Дни тянулись, паспортов по-прежнему не было, и Чиано с Эддой стали обсуждать план по обмену его дневников на безопасность, и даже заговорили об этом с Хеттлем. Эти дневники, сказали они нацистскому офицеру, содержат не только подробности самого разного рода дипломатических сношений между европейскими лидерами в предвоенные годы, зачастую с неожиданными, а то и компрометирующими деталями, но и проливают новый свет на соперничающих друг с другом в борьбе за власть германских лидеров, в частности Риббентропа. Хеттль проявил интерес. И он, и Кальтенбруннер ненавидели Риббентропа и надеялись снизить его влияние.
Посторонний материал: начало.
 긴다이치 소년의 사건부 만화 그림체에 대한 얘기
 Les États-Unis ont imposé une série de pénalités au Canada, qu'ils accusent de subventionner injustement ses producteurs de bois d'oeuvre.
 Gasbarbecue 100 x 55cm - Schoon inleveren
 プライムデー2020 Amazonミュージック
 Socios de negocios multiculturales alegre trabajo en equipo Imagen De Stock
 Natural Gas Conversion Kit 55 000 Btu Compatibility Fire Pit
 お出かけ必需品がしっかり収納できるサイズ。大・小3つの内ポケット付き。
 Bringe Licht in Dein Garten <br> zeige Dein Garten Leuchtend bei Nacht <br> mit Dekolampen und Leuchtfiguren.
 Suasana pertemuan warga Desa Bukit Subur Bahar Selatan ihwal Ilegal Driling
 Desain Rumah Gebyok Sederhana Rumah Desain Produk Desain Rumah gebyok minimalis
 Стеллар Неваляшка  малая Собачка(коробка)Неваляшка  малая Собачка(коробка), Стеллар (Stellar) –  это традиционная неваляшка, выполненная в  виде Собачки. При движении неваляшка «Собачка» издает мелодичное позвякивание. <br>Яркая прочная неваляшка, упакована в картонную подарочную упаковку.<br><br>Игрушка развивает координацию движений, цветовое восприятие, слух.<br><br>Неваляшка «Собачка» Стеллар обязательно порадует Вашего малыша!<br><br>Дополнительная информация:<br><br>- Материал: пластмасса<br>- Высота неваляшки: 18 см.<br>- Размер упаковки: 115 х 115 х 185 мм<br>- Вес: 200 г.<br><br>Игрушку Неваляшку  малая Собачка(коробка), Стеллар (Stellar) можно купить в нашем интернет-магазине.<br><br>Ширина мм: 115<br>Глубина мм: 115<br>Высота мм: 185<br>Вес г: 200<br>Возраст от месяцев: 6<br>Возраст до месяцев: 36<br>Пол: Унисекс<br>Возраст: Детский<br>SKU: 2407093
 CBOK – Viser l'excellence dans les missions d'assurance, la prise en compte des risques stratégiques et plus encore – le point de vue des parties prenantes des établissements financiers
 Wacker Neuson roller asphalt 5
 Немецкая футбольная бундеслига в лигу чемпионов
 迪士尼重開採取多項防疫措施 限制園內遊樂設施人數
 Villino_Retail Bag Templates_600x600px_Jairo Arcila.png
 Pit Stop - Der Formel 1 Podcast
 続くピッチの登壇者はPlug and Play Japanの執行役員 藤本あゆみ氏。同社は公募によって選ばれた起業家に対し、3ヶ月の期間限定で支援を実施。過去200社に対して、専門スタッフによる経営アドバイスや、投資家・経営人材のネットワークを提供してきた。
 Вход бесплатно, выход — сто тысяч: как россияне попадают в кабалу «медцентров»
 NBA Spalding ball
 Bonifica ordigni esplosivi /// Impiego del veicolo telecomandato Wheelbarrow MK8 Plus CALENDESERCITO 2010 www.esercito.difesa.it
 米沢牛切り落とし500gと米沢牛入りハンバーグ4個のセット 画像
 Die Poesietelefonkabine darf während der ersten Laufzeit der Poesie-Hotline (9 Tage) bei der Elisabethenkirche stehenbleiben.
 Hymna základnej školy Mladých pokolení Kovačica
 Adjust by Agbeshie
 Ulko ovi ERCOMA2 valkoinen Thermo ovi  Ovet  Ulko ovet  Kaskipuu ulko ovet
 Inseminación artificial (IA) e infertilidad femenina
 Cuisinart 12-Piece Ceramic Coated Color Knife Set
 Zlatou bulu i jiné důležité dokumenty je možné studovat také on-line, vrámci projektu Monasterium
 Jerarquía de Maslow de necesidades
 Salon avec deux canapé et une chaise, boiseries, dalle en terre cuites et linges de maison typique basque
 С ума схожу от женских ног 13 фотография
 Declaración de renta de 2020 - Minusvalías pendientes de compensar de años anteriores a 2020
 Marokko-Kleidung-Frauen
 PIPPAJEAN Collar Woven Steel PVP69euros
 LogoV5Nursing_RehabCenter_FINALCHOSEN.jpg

Дневники, как и другие важные материалы, Чиано оставил у своего дяди Джино, работавшего секретарем сначала у Костанцо, а потом у самого Чиано, и которому Эдда очень симпатизировала – он не раз в прошлом выкупал ее карточные долги. После долгих и занудных уговоров Эдда сумела убедить немцев, позволить ей съездить в Рим за дневниками. Поехала она под именем Эмилии Сантос, отправленной в командировку в Италию медсестры, в сопровождении двух женщин – офицеров СС, выдававших себя за медсестеру и священника. В Рим она добралась к концу сентября и рассчитывала остановиться у друзей. Почти никто принять ее у себя не захотел – с разной степенью резкости люди обрывали с ней разговор. Лола Джовинелли особо попросила ее не появляться у нее дома, чтобы избежать «неловкости». Но Делия ди Баньо сразу и тепло согласилась предоставить ей постель – жест немалой смелости в городе, где имя Чиано стало токсичным.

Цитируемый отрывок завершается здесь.